CHAPTER VI
ACROSS THE FLATS
Don was wakened by the sound of firing. He sat up and rubbed his eyes; then, looking at the sun, he guessed that twelve o’clock had passed. He could see nothing of the Redcoats; nor could he see smoke anywhere inside the town. From the east came the sound of firing that had wakened him, and men with muskets were hurrying across fields in that direction. For a moment he thought of returning to his Cousin Deborah’s; then he decided to push for Boston as fast as he could.
Half running, half walking, he made his way in a southeasterly direction in order to avoid the main road. Once he wondered whether the Redcoat Harry Hawkins was with this expedition of British troops, but somehow the thought was painful, and he turned his mind to other things.

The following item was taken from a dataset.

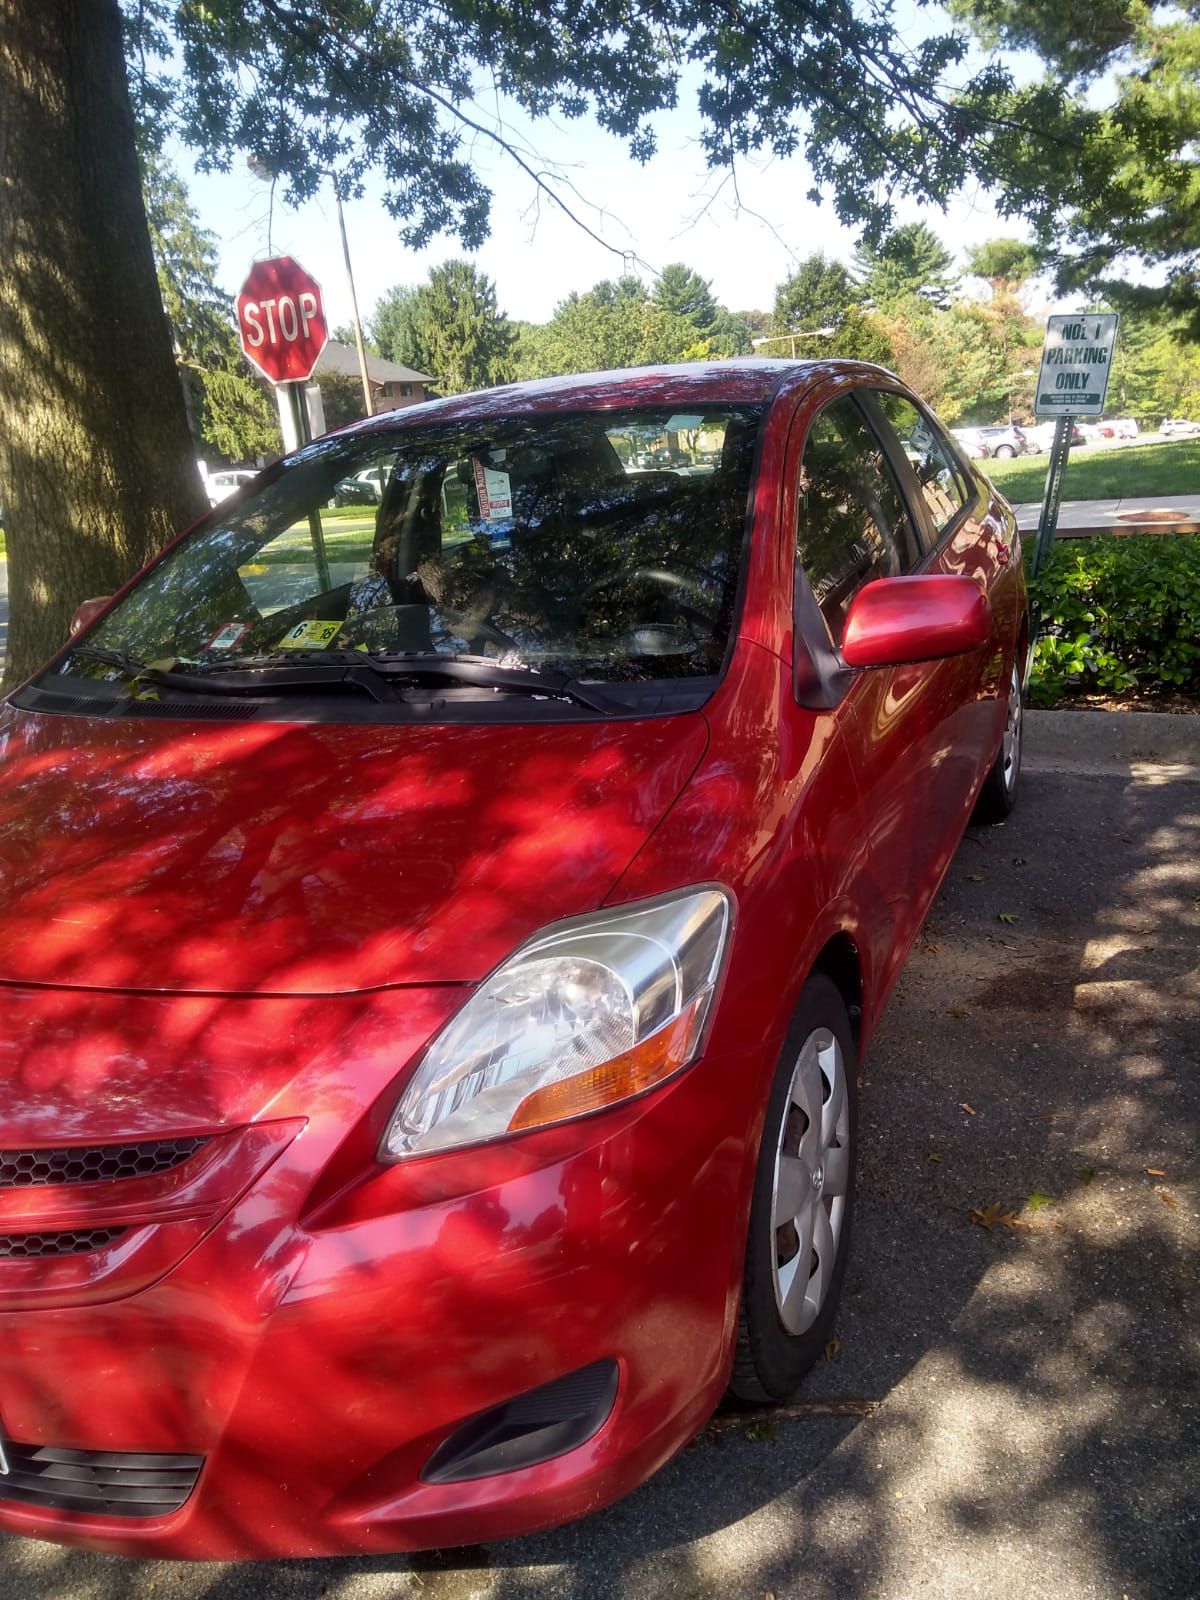 Toyota Yaris 2008 red colour

For some time he had been climbing a rocky hillside; now, on reaching the crest, he got his last glimpse of the skirmish. The British were in the road just outside of Lexington, and, far off as Don was, he could see plainly that they were having a hard time of it. He could see the flash of sabres as if the officers were urging their men to advance. One officer was prancing here and there on a spirited black horse, as if he had lost control of the animal. Then Don saw part of the King’s troops open fire and saw a dozen or more muskets flash in reply along an old stone wall on the opposite side of the road. Before he heard the reports of them he saw the black horse fall. Another glance and he saw a company of Minute-Men crossing a distant field at a rapid pace. The sight of a battle going on almost under his nose, the sound of guns, the smell of powder, all seemed to hold him spell-bound, and only the thought of his Aunt Martha alone in the little house in Pudding Lane caused him to turn and hurry on his way.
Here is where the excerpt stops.